YOUR OBJECTIVE – In the data below, the copy begins at the line containing "- Befestigt mit einer roten Quaste." and runs through the last line; repeat those lines exactly, minus the pictures.

Saved data entries –
☆ ☆ ☆ ☆ ☆ ☆ ☆
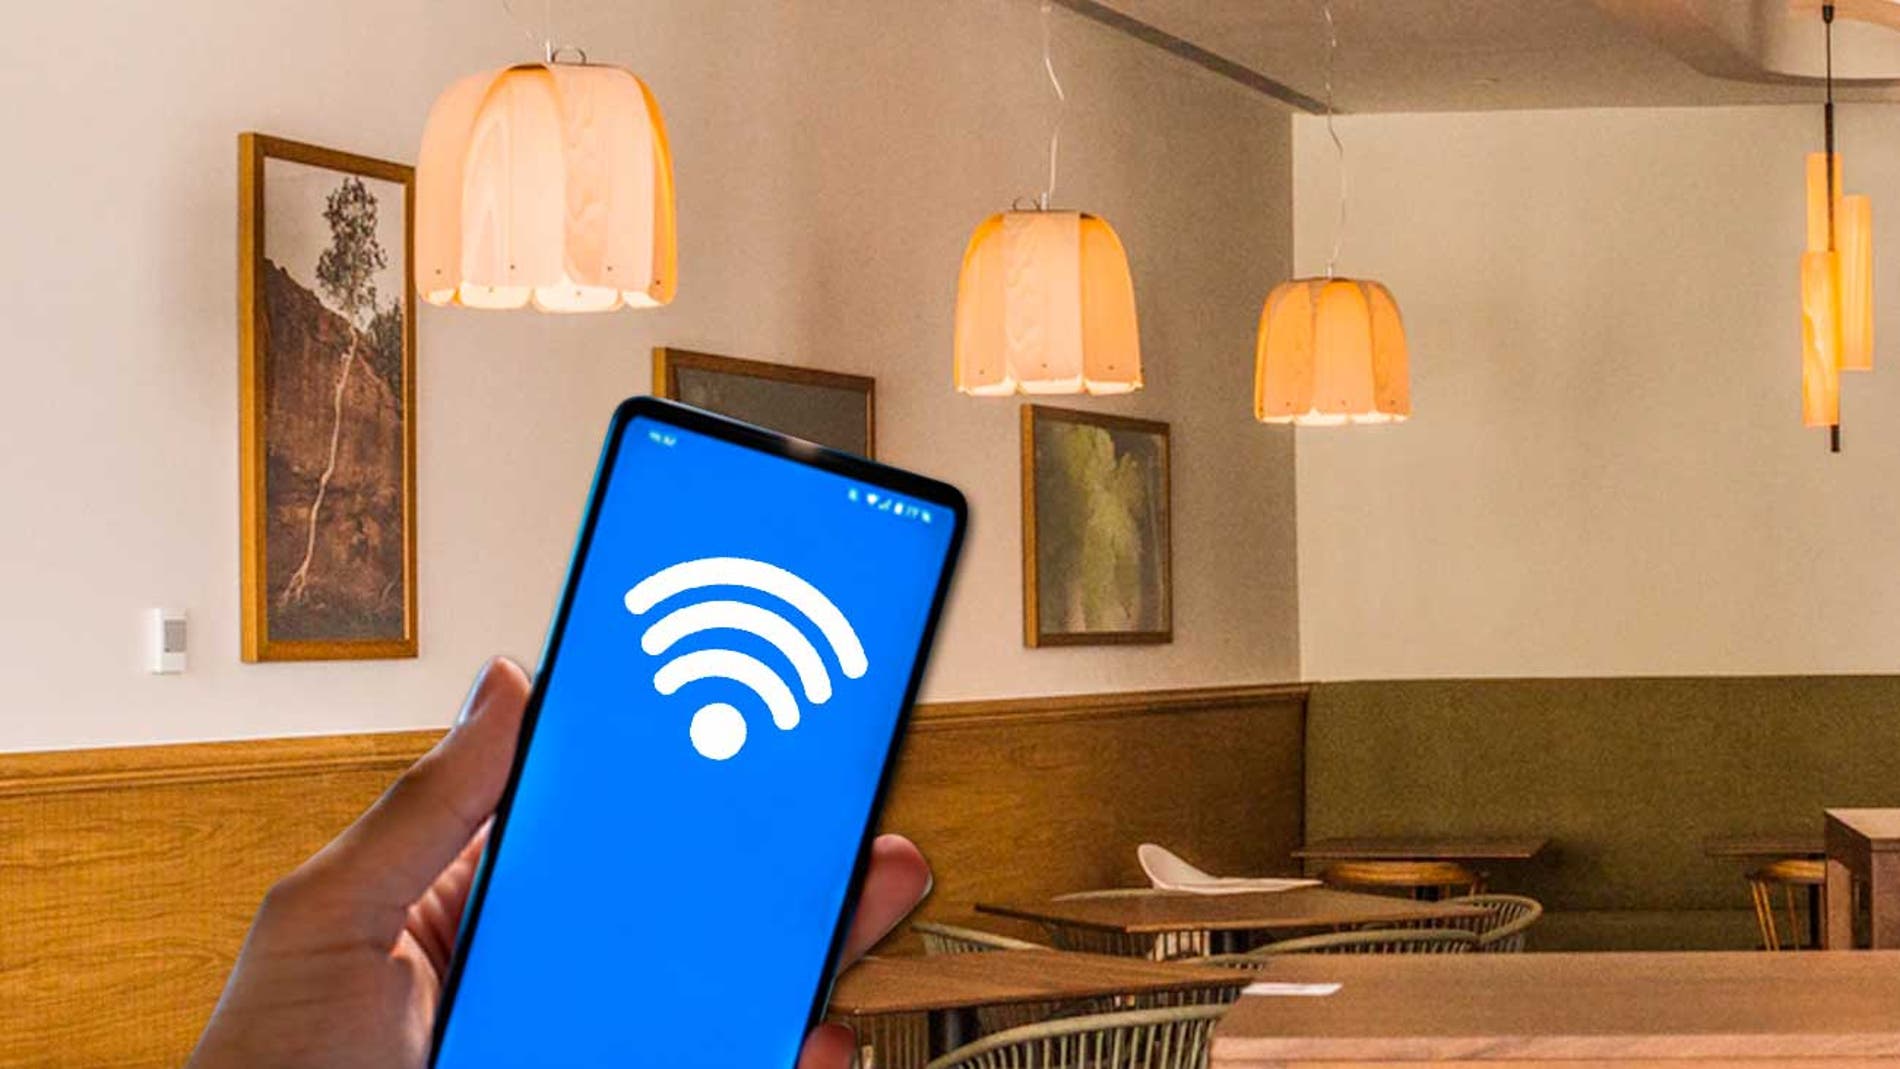 Controla las luces con estos casquillos Wifi
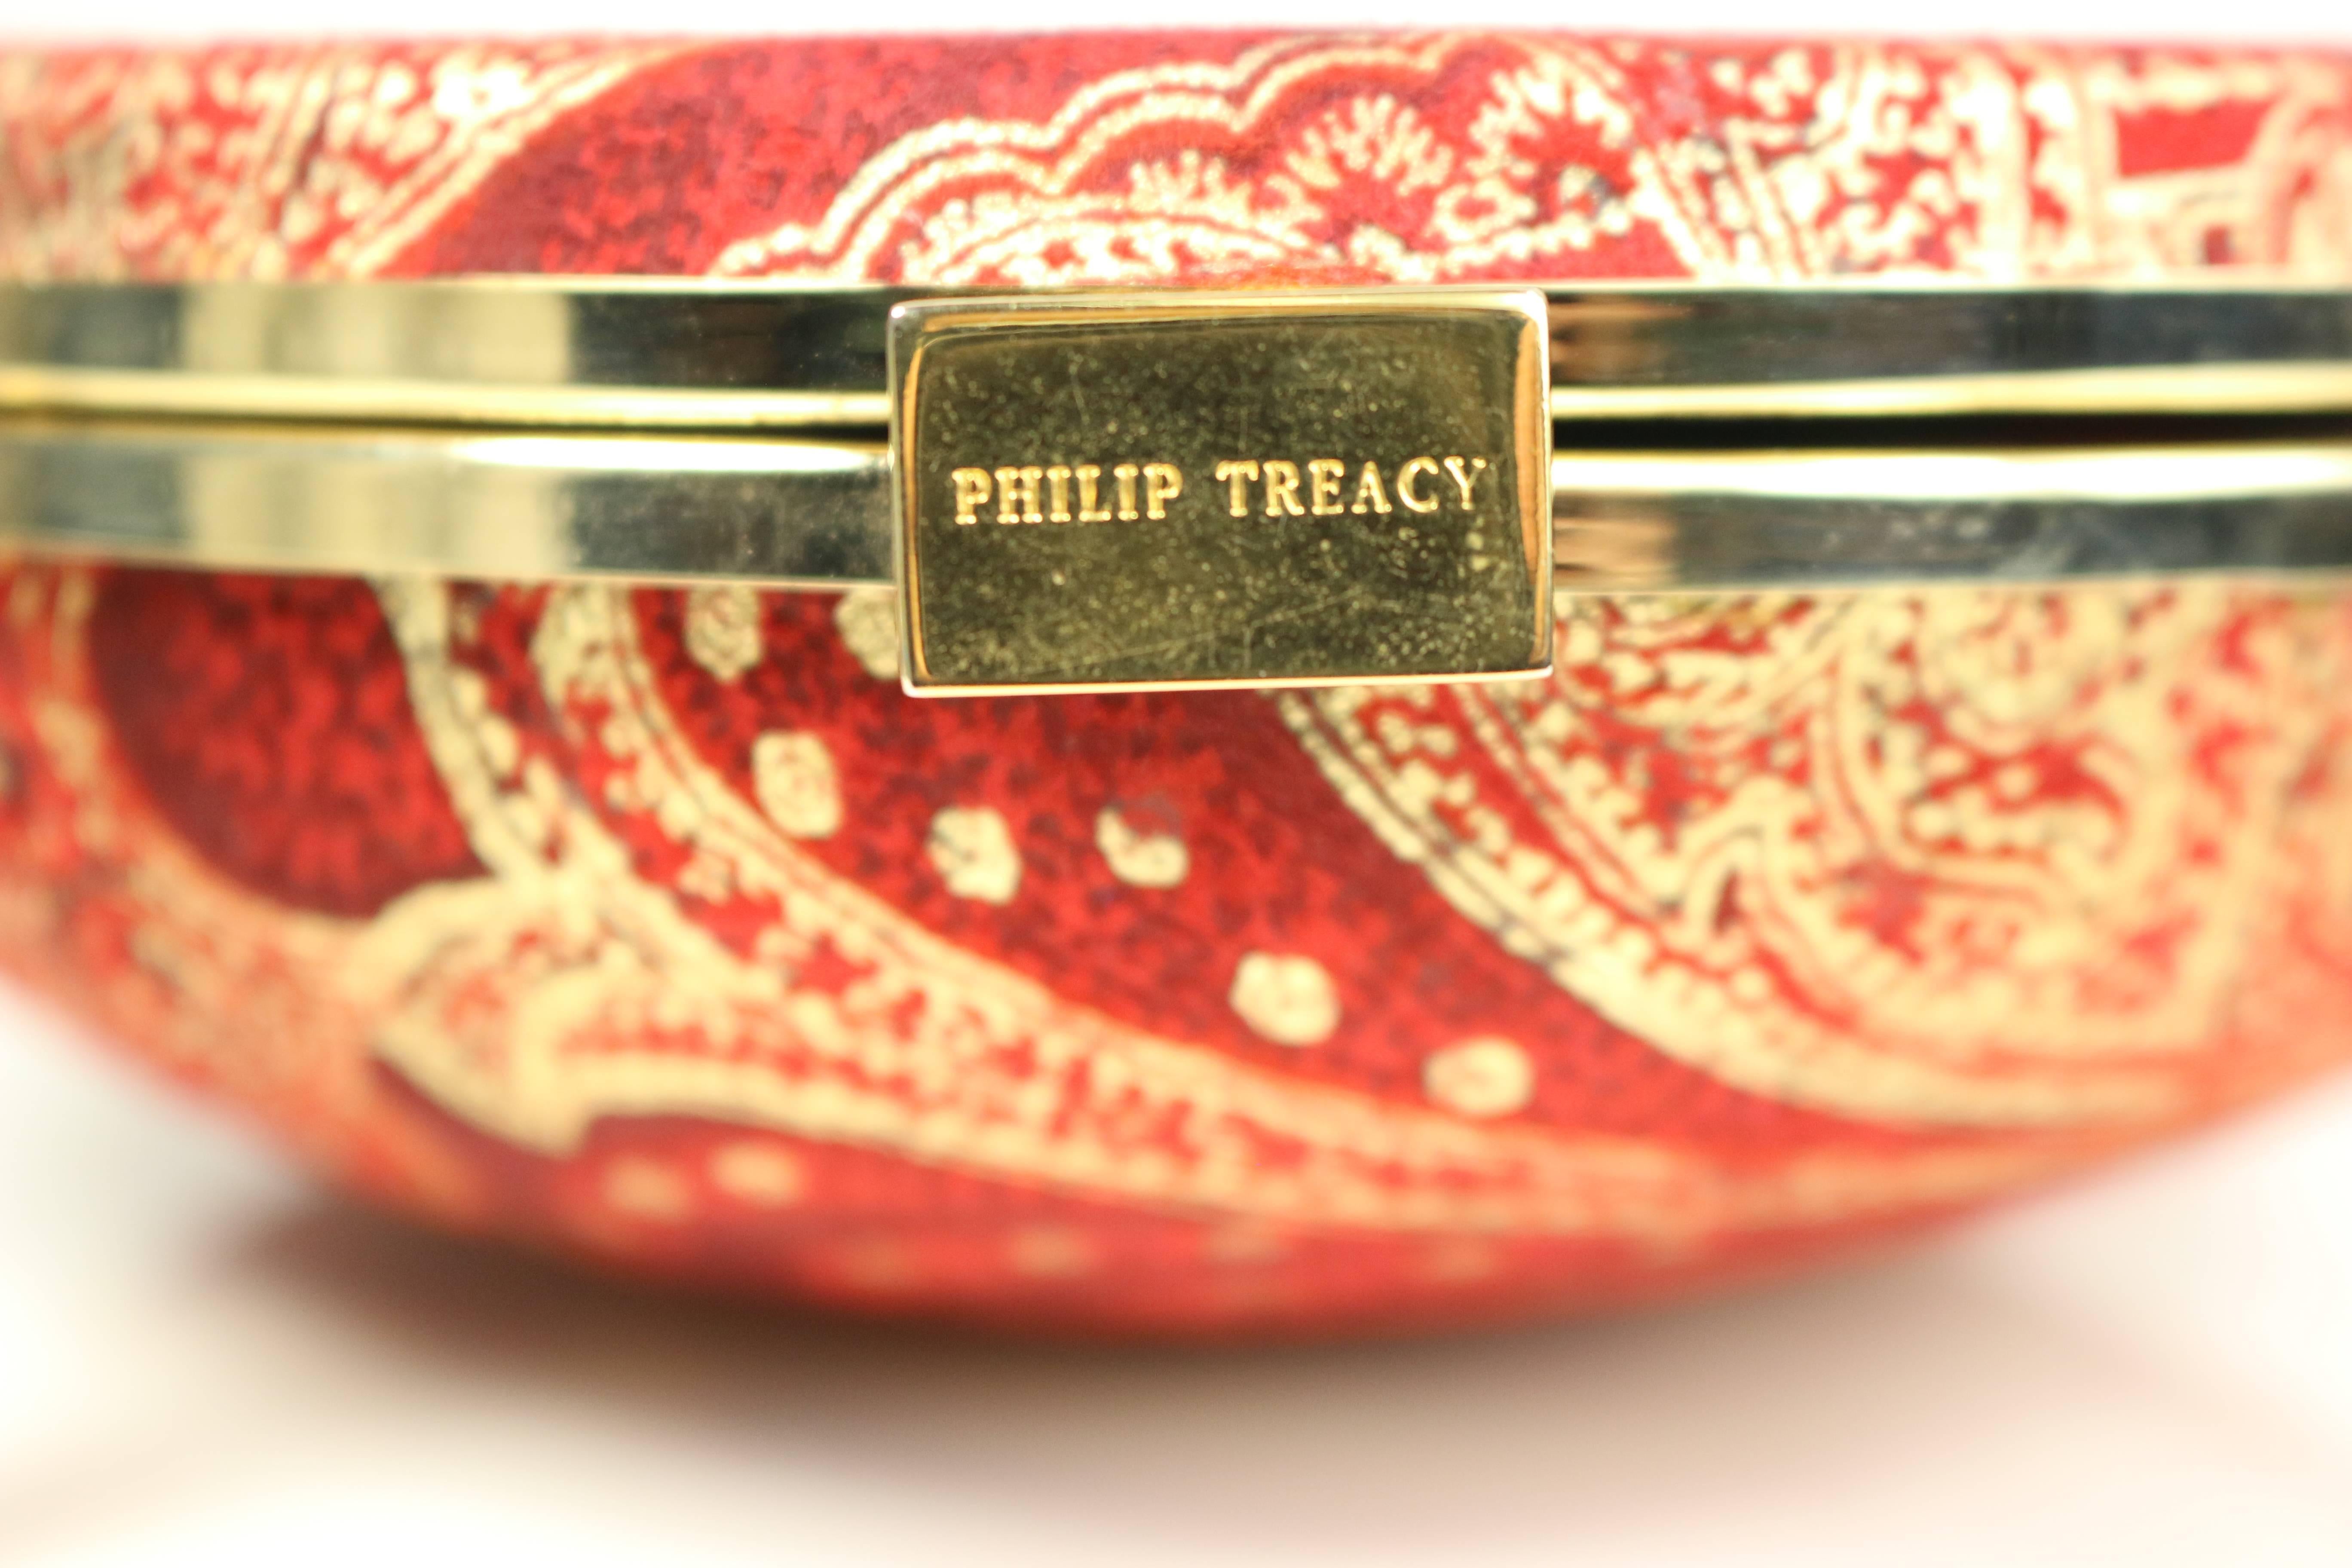 - Vintage 90s Philip Treacy rot und gold Muster drucken Kupplungen Handtasche. Selten und einmalig!

- Befestigt mit einer roten Quaste. 

- Verschluss mit goldfarbener Hardware 
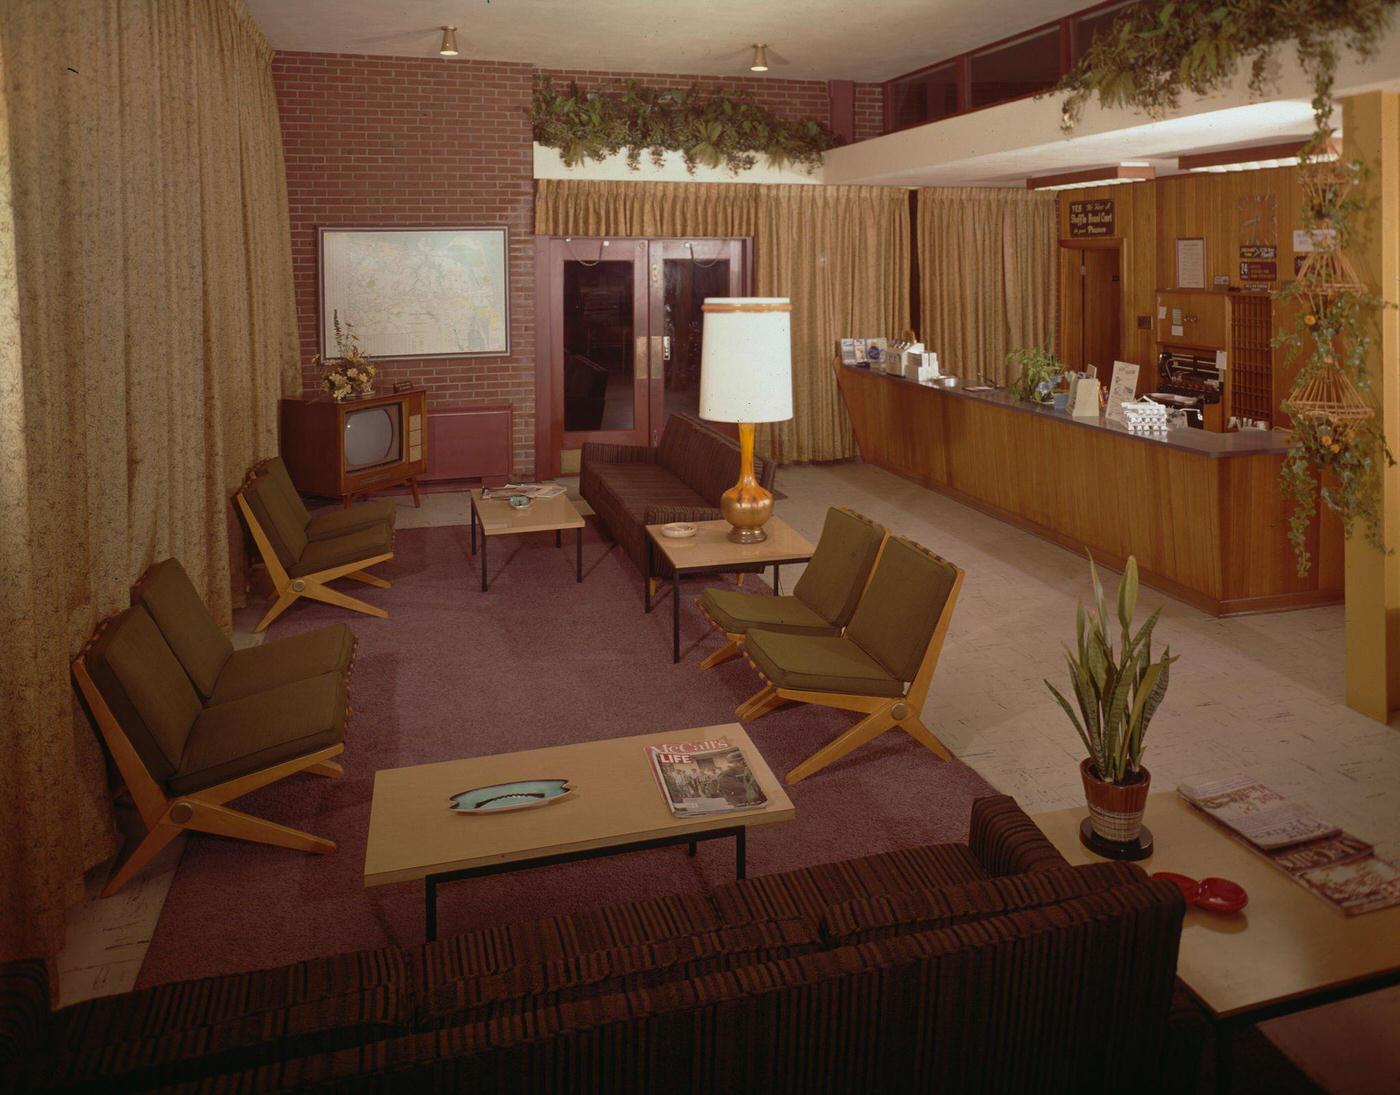 Ocean Ranch Motel, Montauk, New York, 1965
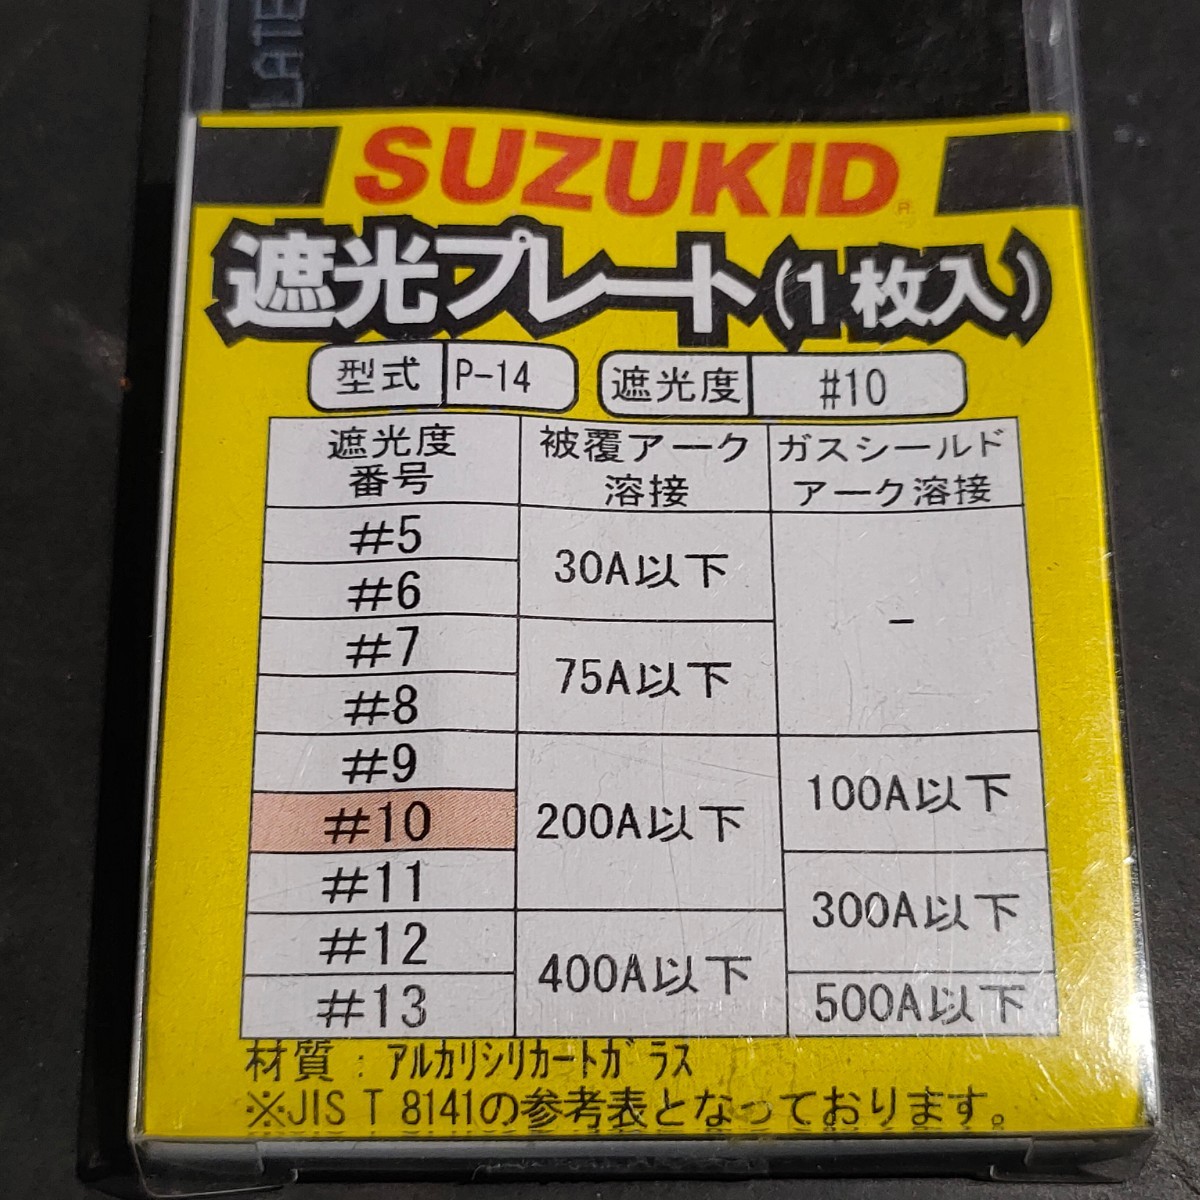 未使用品 スター電器製造 SUZUKID スズキッド 遮光プレート 遮光度 #10 1枚入 P-14_画像2
☆ ☆ ☆ ☆ ☆ ☆ ☆
ANSWER –
- Befestigt mit einer roten Quaste. 

- Verschluss mit goldfarbener Hardware 
 Ocean Ranch Motel, Montauk, New York, 1965
 未使用品 スター電器製造 SUZUKID スズキッド 遮光プレート 遮光度 #10 1枚入 P-14_画像2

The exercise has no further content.